Camp Corral contracts with American Camp Association–accredited camps across the U.S. to provide an experience that Kowalczyk describes as “like summer camp, but a little different,” because campers build unique connections they often maintain after camp is over. What’s more, 70% of participants’ parents report that time at camp has improved their children’s mental health.

In 2021, Camp Corral began offering spring programs for families to enjoy camp experiences together. They hope to begin a junior counselor training program in 2023. Camp Corral CEO Phil Kowalczyk

SAFEchild Executive Director Cristin DeRonja

SAFEchild

919.743.6140 | safechildnc.org SAFEchild is the leading child abuse prevention agency for Wake County. It coordinates with the Wake County Public School System, with Child Protective Services, and with other nonprofit organizations to prevent and eliminate child abuse. Its goals are to support parents, educate the public and advocate for abuse victims.

On the prevention side, SAFEchild’s staff and volunteers encourage confused or frustrated parents to contact them for help. There are no fees or eligibility requirements. If there is one message SAFEchild Executive Director Cristin DeRonja emphasizes, it is that asking for help is an act of strength. “Every family needs support,” she says. “Families should feel safe and secure, like it’s OK and it’s celebrated to reach out for support. The first thing we do when families reach out to us is: We thank them for calling.”

Another prevention program, Funny Tummy Feelings, teaches children in Wake County Schools how to recognize and respond when something is wrong with the way an adult is interacting with them. The program has been adopted in every WCPSS elementary school.
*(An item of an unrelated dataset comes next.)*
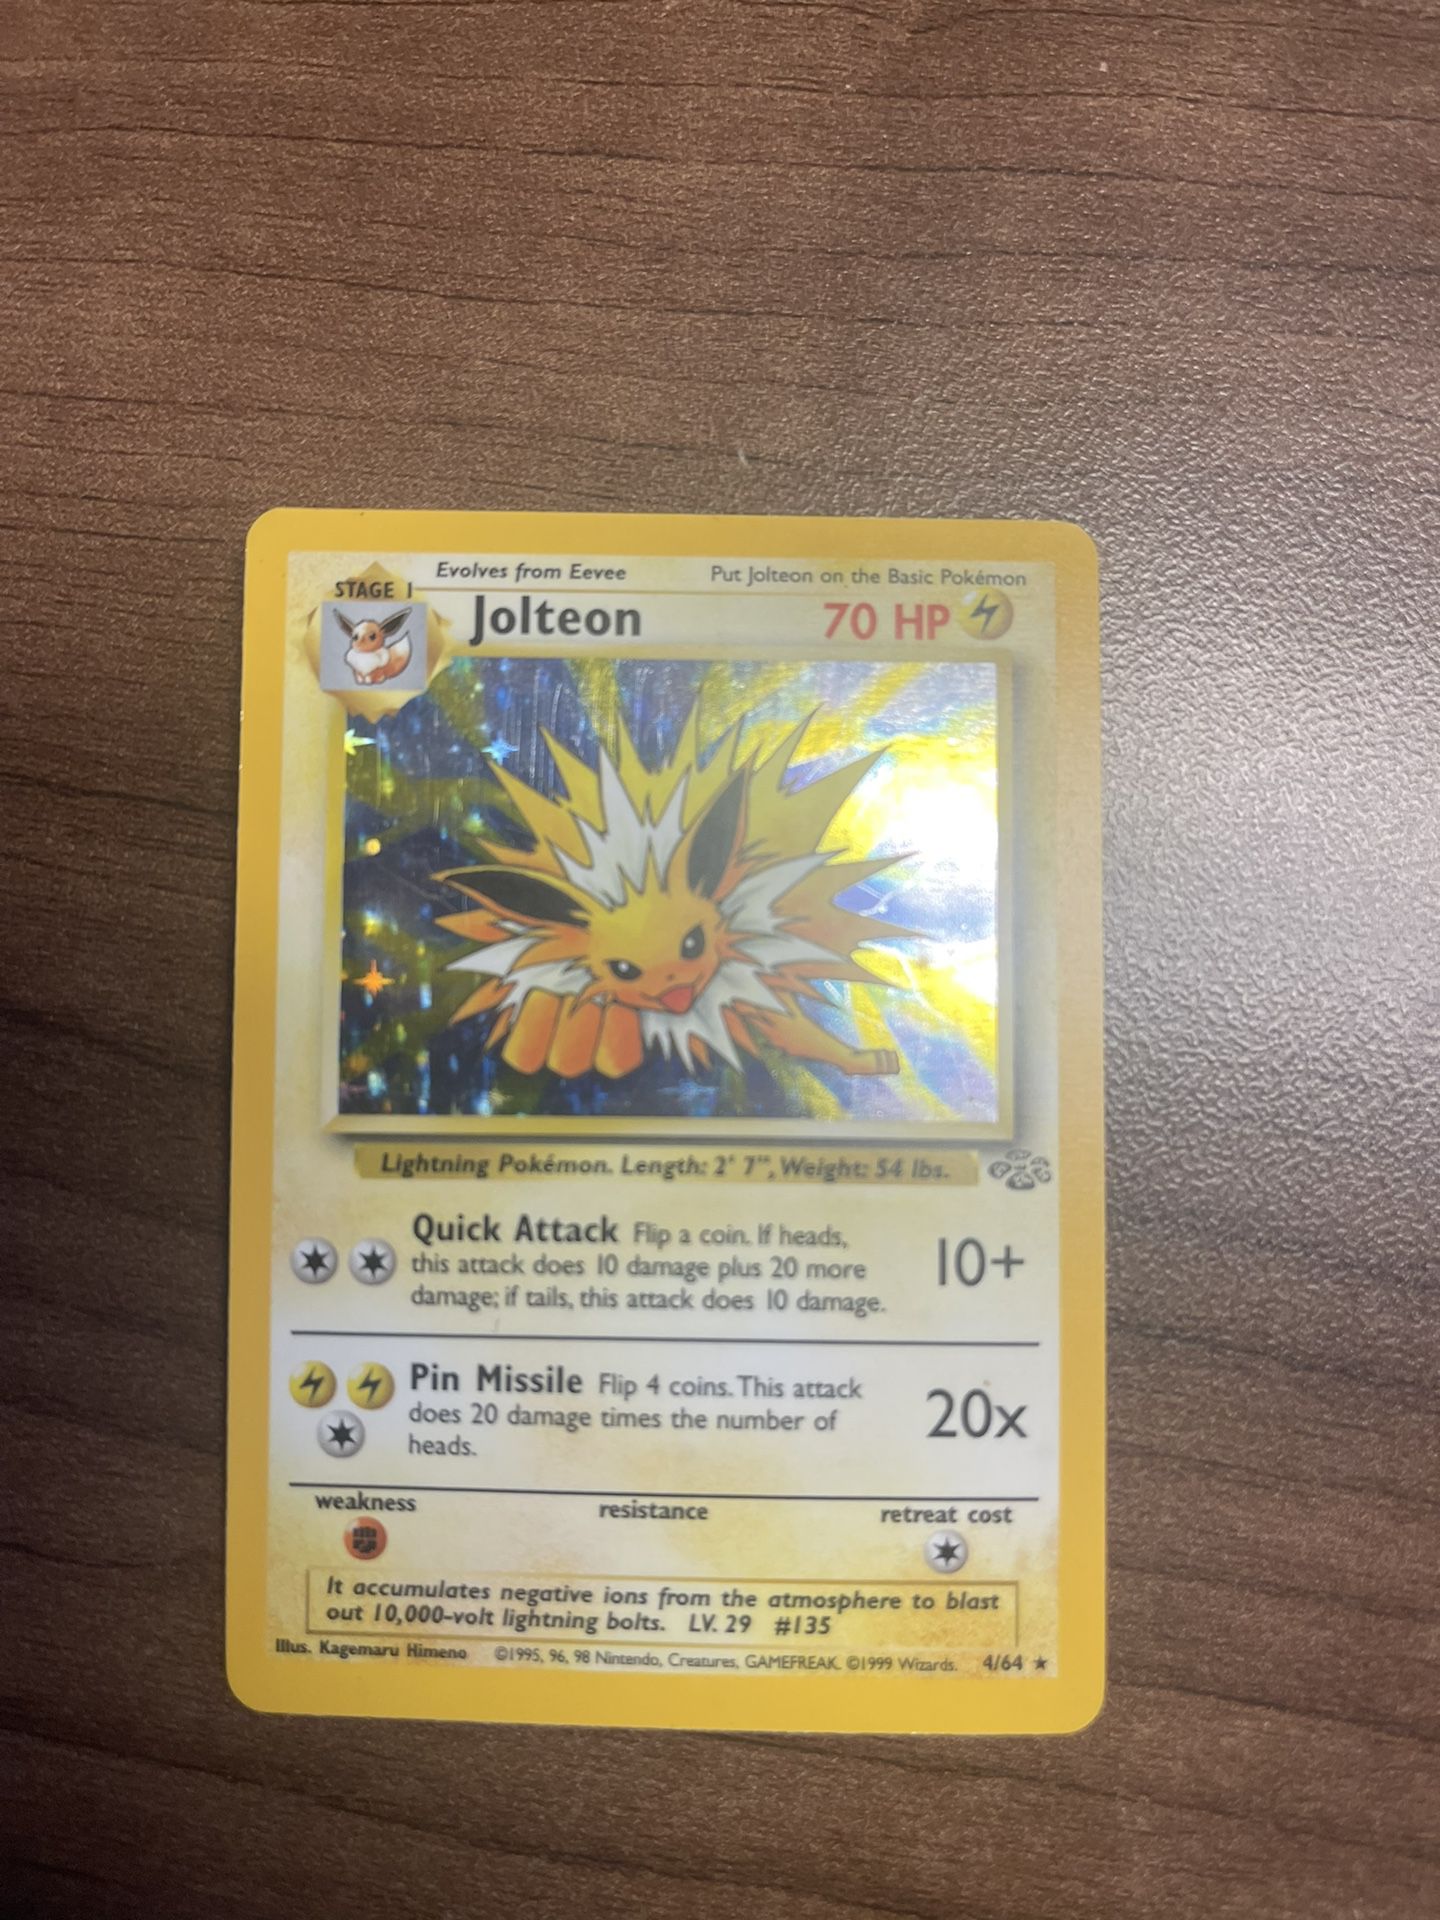 Rare near mint holographic jungle edition Jolteon Pokemon card! 4/64

SAFEchild’s advocacy program has become a national model for evaluating and advocating for abused children due to its emphasis on care collaboration. The organization’s advocacy team consists of members from the medical community and public school system, and other community members who can intervene in different ways and on different levels so children can understand what happened to them and receive support from many different directions. In 2021, SAFEchild was able to evaluate 385 children for signs of abuse and neglect.

Next summer, SAFEchild hopes to open a new facility on land that WakeMed has donated. The new space will allow the organization to triple the rate at which it can provide medical evaluations and double the number of children it can serve in other prevention programs.